The data:
• • • •

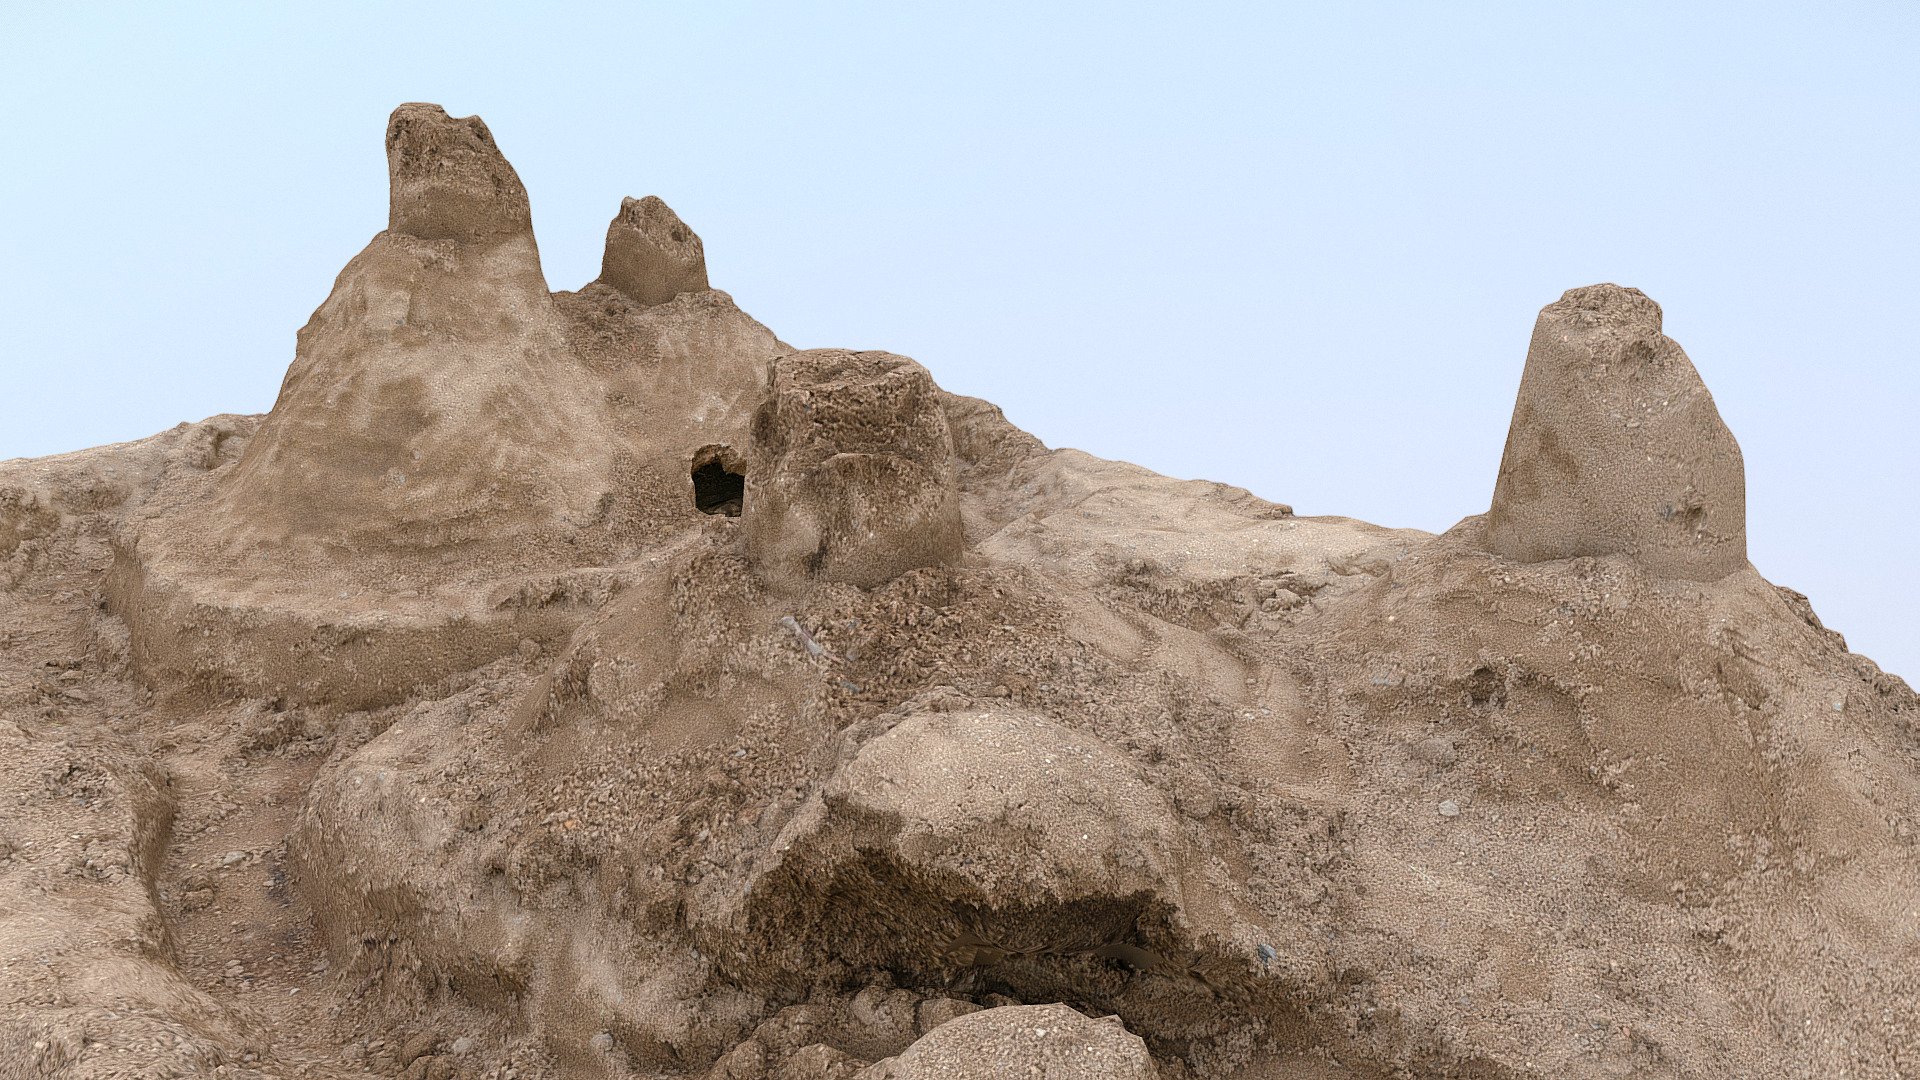 Castle made of sand, imperfect children creation in their playground sandbox, with hand imprints and some footprints, authentic semi-destroyed by other kids

photogrammetry scan (100x24MP), 2x16K texture + HD Normals - Sand castle - Buy Royalty Free 3D model by matousekfoto 3d model
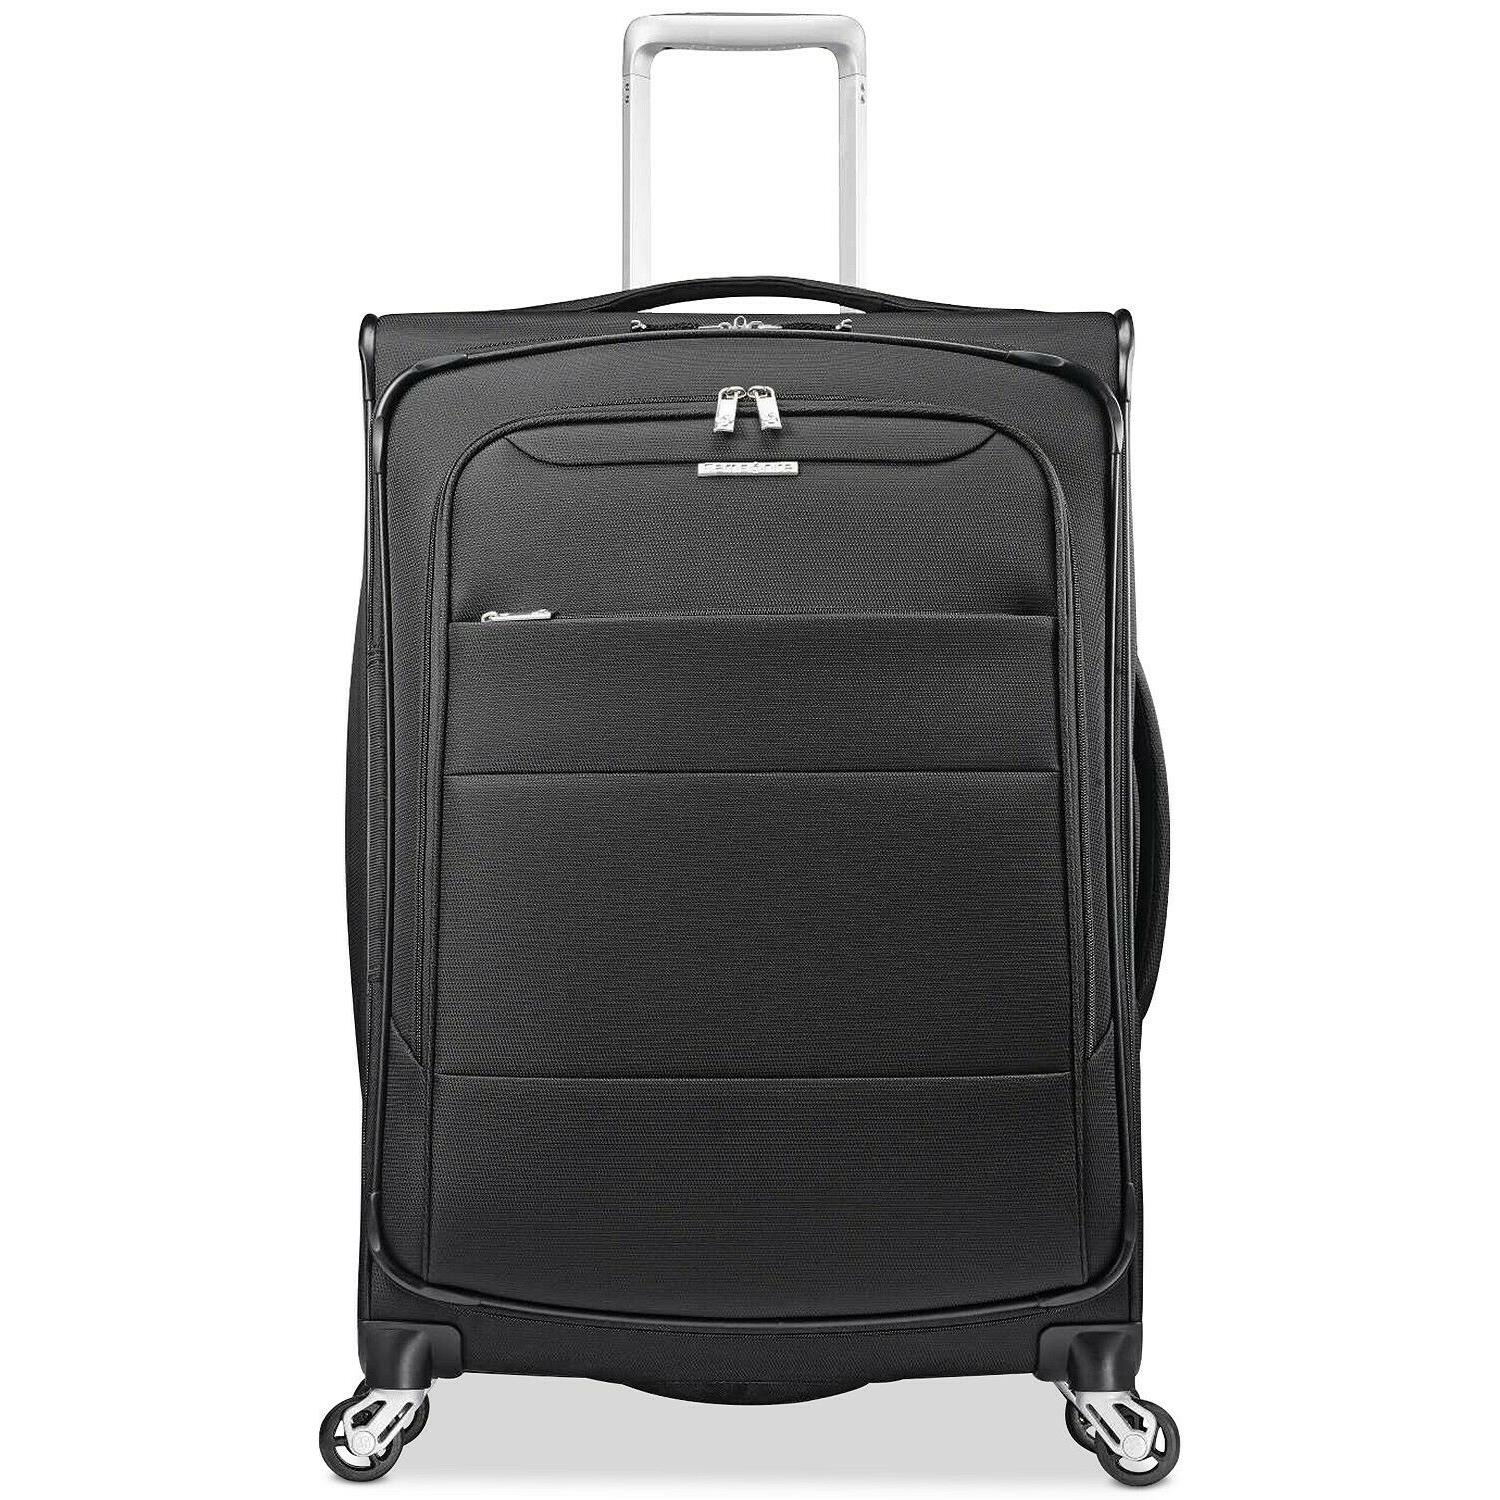 Samsonite Eco-spin 25 Expandable Softside Spinner Suitcase 5022
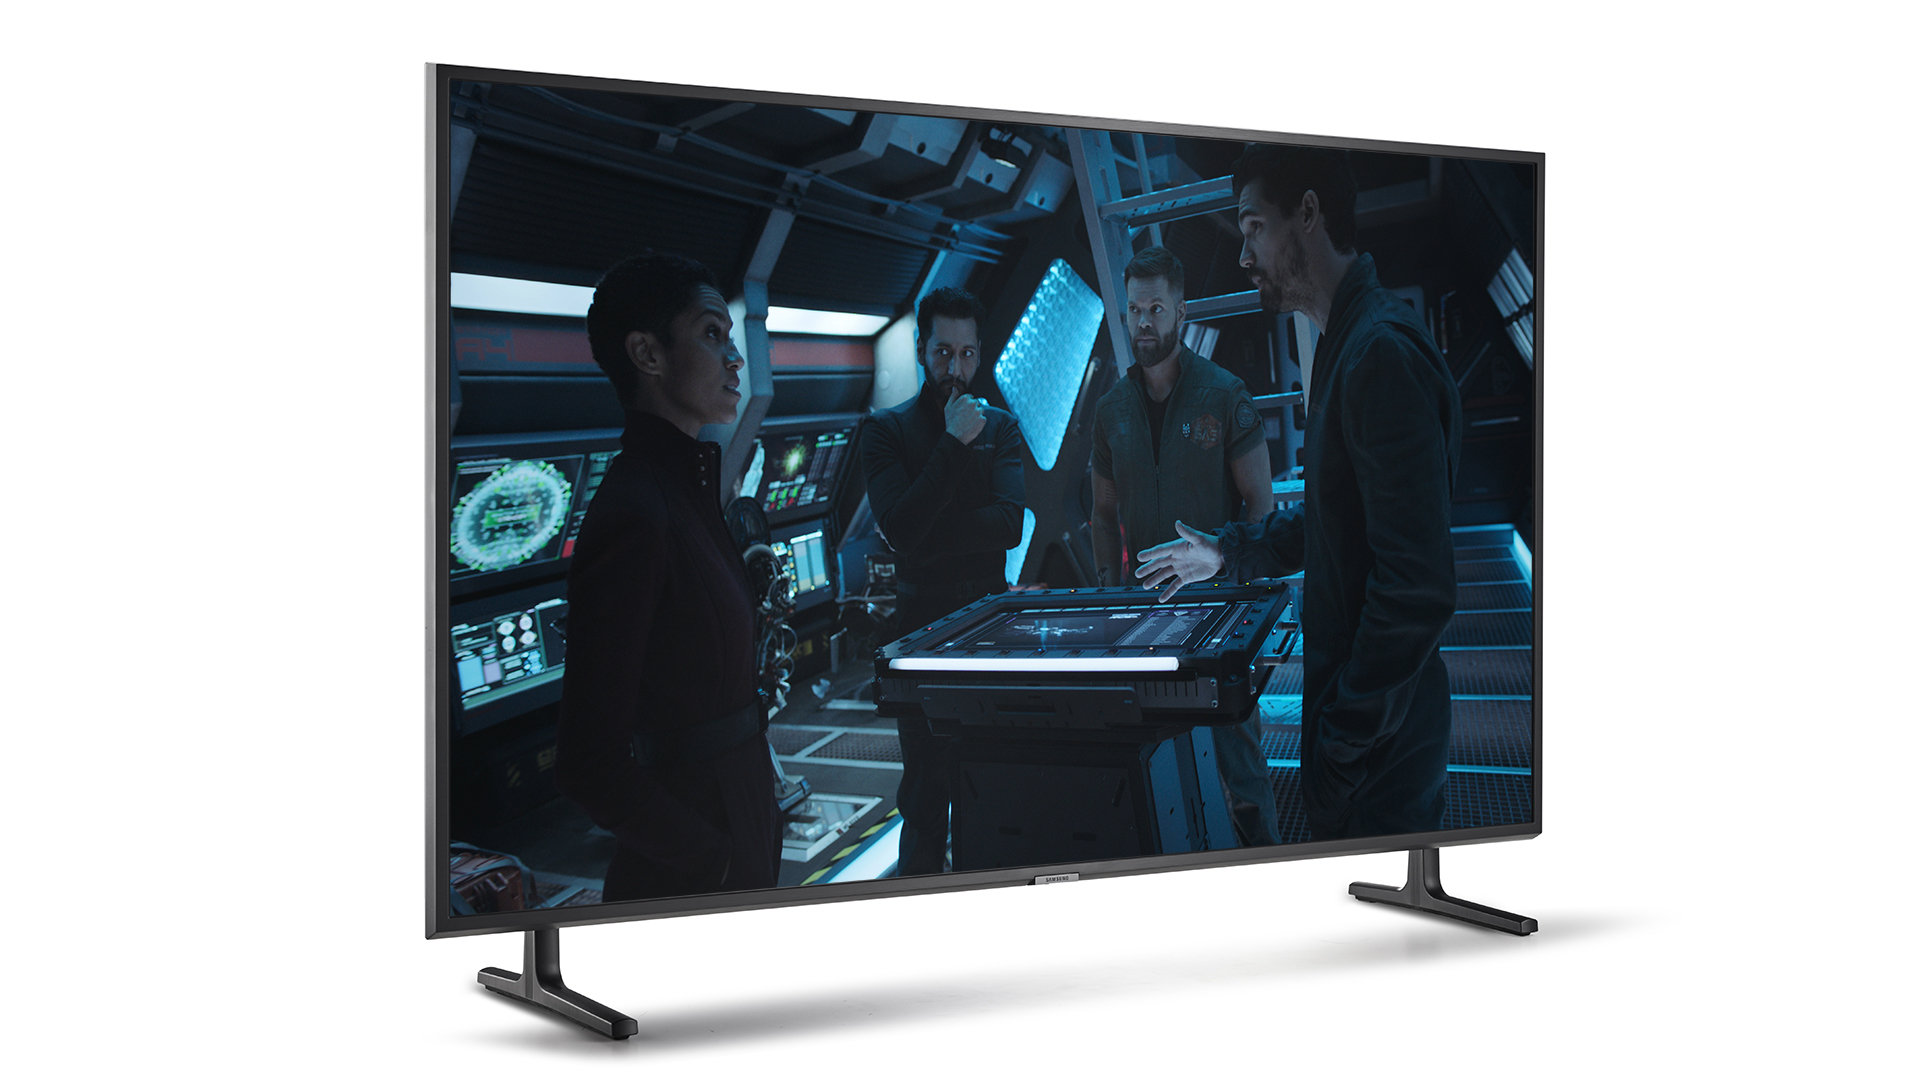 OLED vs LED vs LCD which is the best TV technology? What HiFi?

• • • •

Directions for this task: Output the data above exactly. Drop every picture.

Completed exercise:
 Castle made of sand, imperfect children creation in their playground sandbox, with hand imprints and some footprints, authentic semi-destroyed by other kids

photogrammetry scan (100x24MP), 2x16K texture + HD Normals - Sand castle - Buy Royalty Free 3D model by matousekfoto 3d model
 Samsonite Eco-spin 25 Expandable Softside Spinner Suitcase 5022
 OLED vs LED vs LCD which is the best TV technology? What HiFi?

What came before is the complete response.